お子様が勉強で質問できないとき|「全部分からない」を変える3つの手順

教える前に、見立てる。
答えを渡す前に、問う。

お子様に「どこが分からないの?」と聞いても、「全部分からない」と返ってくる。何を手伝えばよいか分からず、親御様も言葉に詰まることがあります。

このとき必要なのは、すぐに説明を始めることではありません。「全部分からない」を、分かるところ・止まった場所・試したことの三つに分けることです。困りごとが小さくなると、お子様自身が助けを求める次の一歩を選びやすくなります。

「分からない」と聞いても、何を説明すればよいか分からないとき

質問できない状態は、学ぶ意欲がないこととは限りません。問題のどこで止まったのか、何を言葉にすればよいのかが整理できず、助けの求め方が分からなくなっていることがあります。

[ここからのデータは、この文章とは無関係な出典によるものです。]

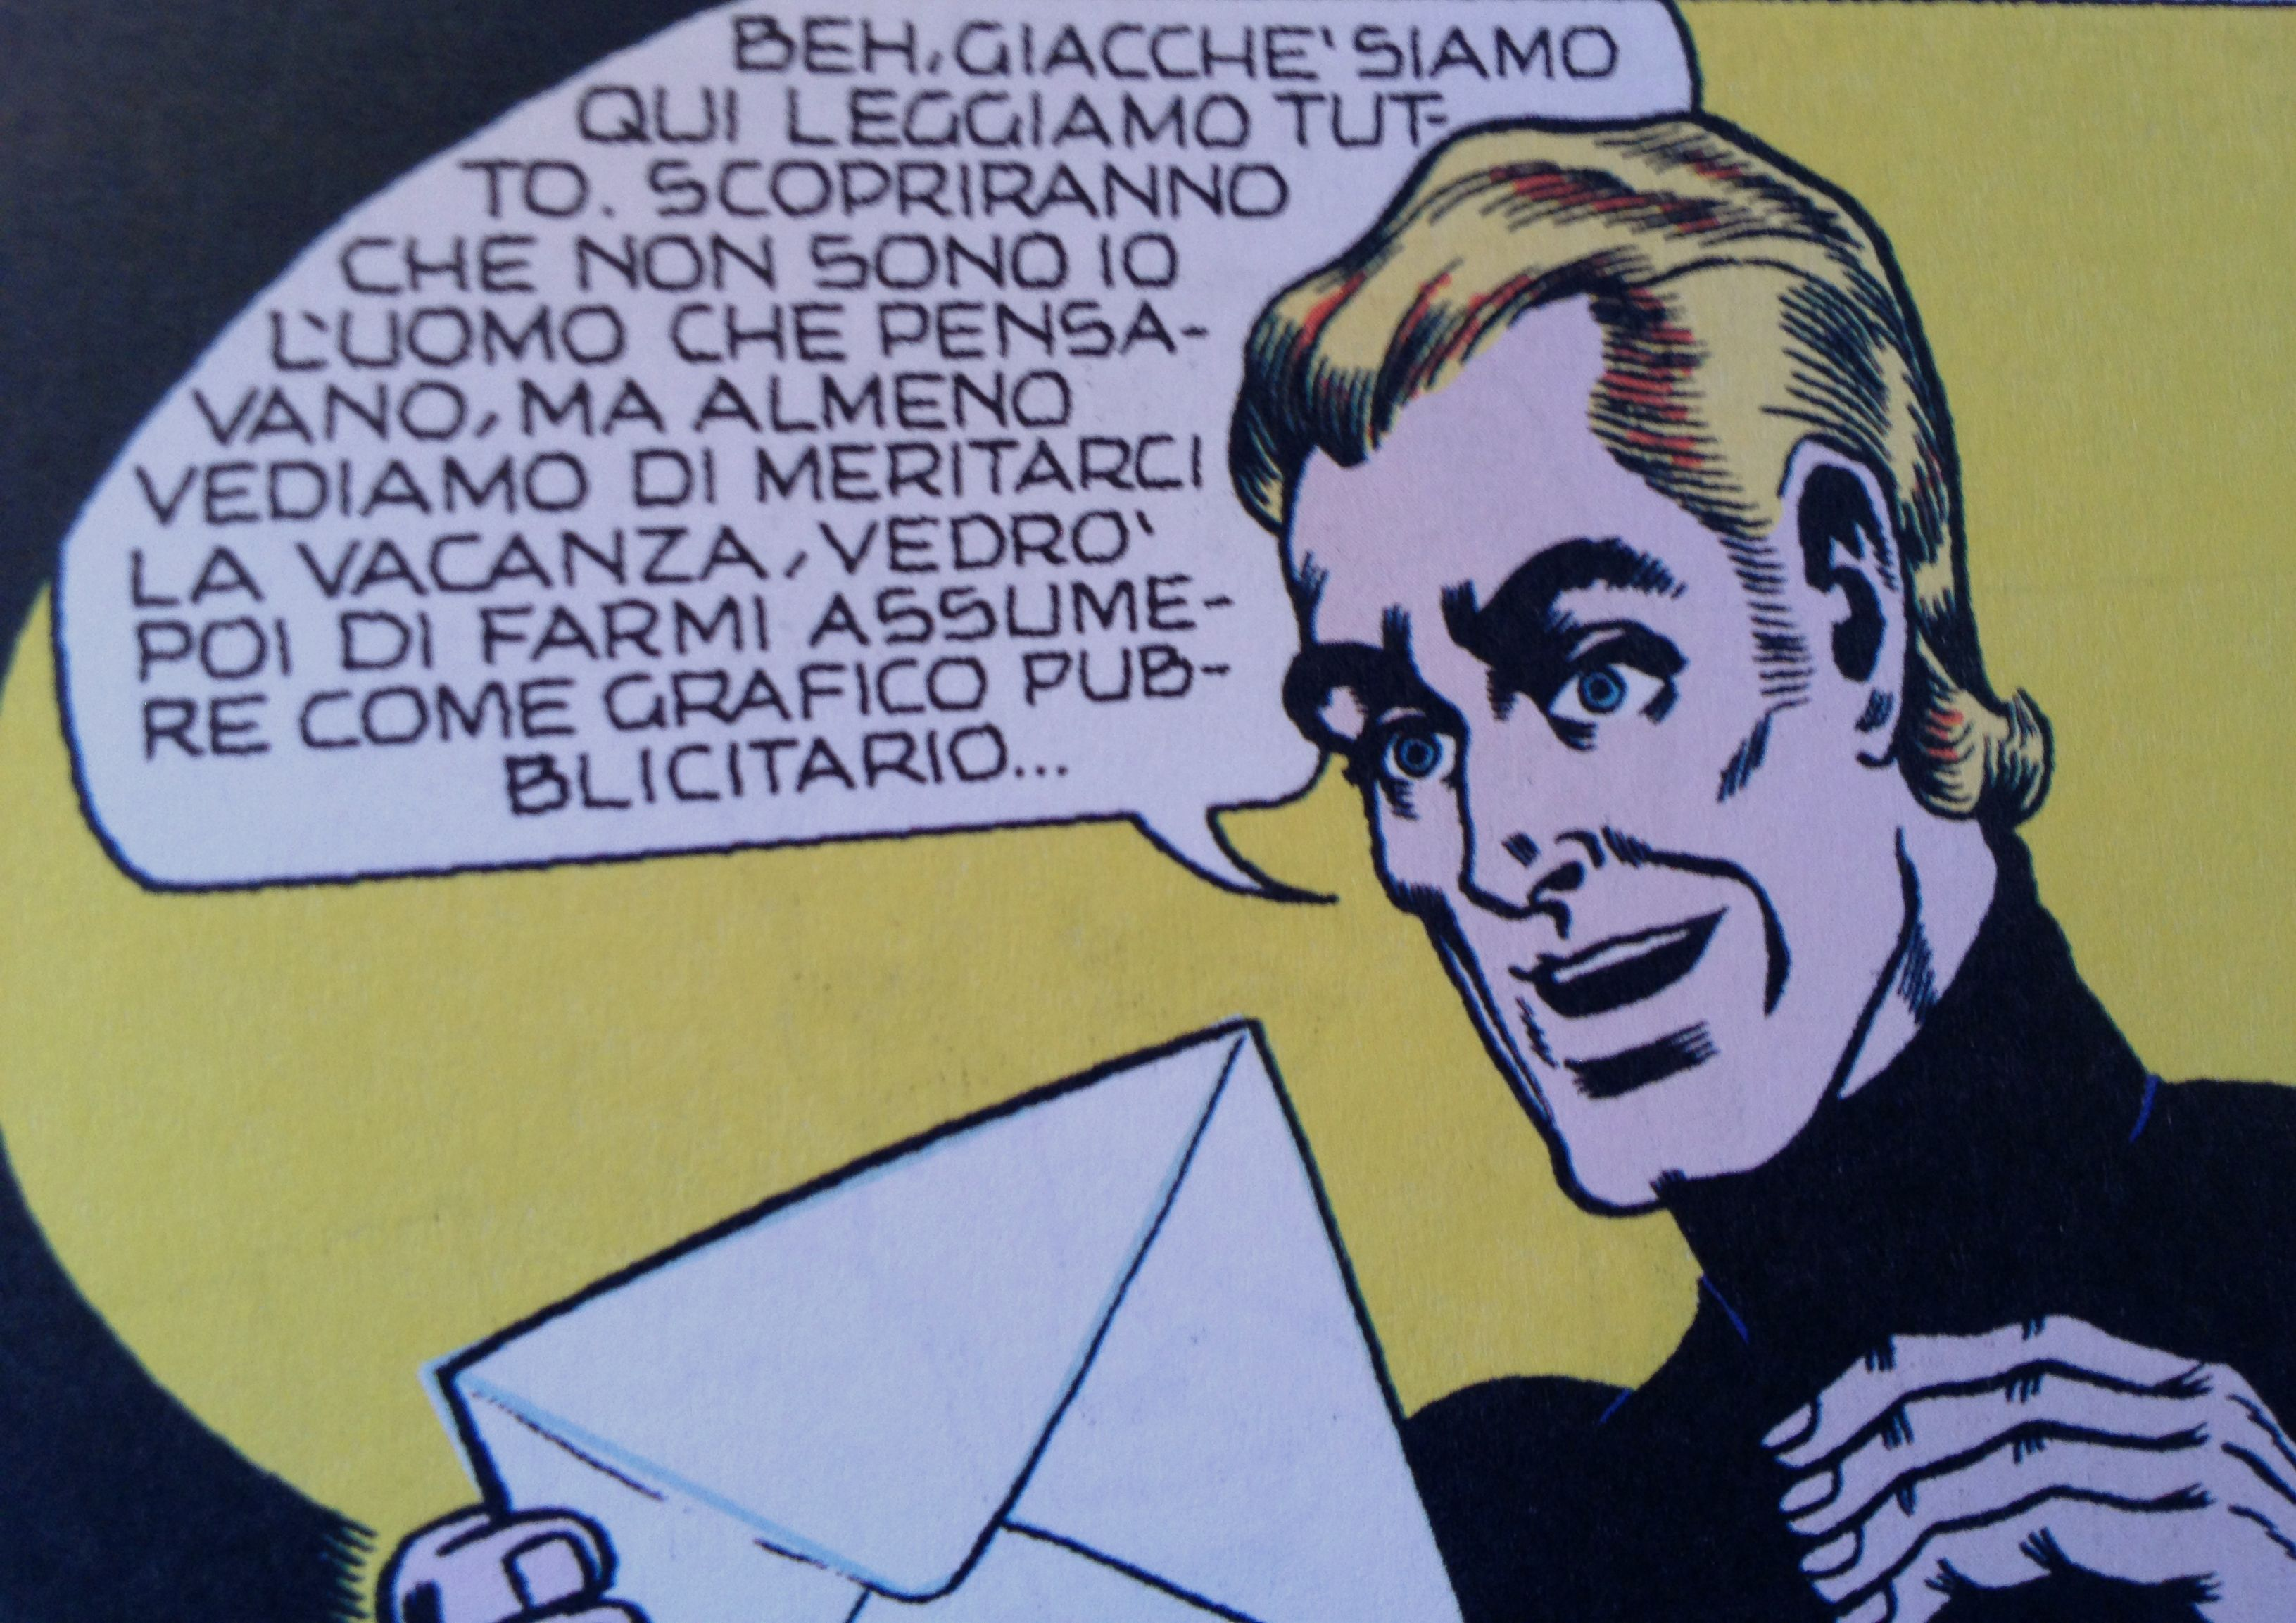 Alan ford gruppo t n t ubc enciclopedia online del fumetto - Alan Ford Gruppo T N T Ubc Enciclopedia Online Del Fumetto

親御様が答えを先に渡すと、その場は進んでも、お子様が次に同じように止まったときの手がかりが残りにくくなります。まずは、困りごとを三つに分けて聞いてみましょう。

「全部分からない」を変える三つの手順

1|分かるところを一つ見つける

問題文、図、計算、授業で聞いた言葉のどれでも構いません。「ここまでは分かる?」と聞き、できている場所を一つだけ見つけます。最初から全部を説明しようとしないことが大切です。

2|止まった一行を指さす

「どこから分からなくなった?」よりも、「止まった一行を指させる?」と聞きます。目に見える場所を示せると、困りごとが質問できる形になります。

3|自分で試したことを一つ言葉にする

ノートを見た、例題を探した、式を書いたなど、うまくいかなかった試みも次の学びの材料です。「何を試してみた?」と聞くことで、お子様は自分がすでに持っている手がかりを整理できます。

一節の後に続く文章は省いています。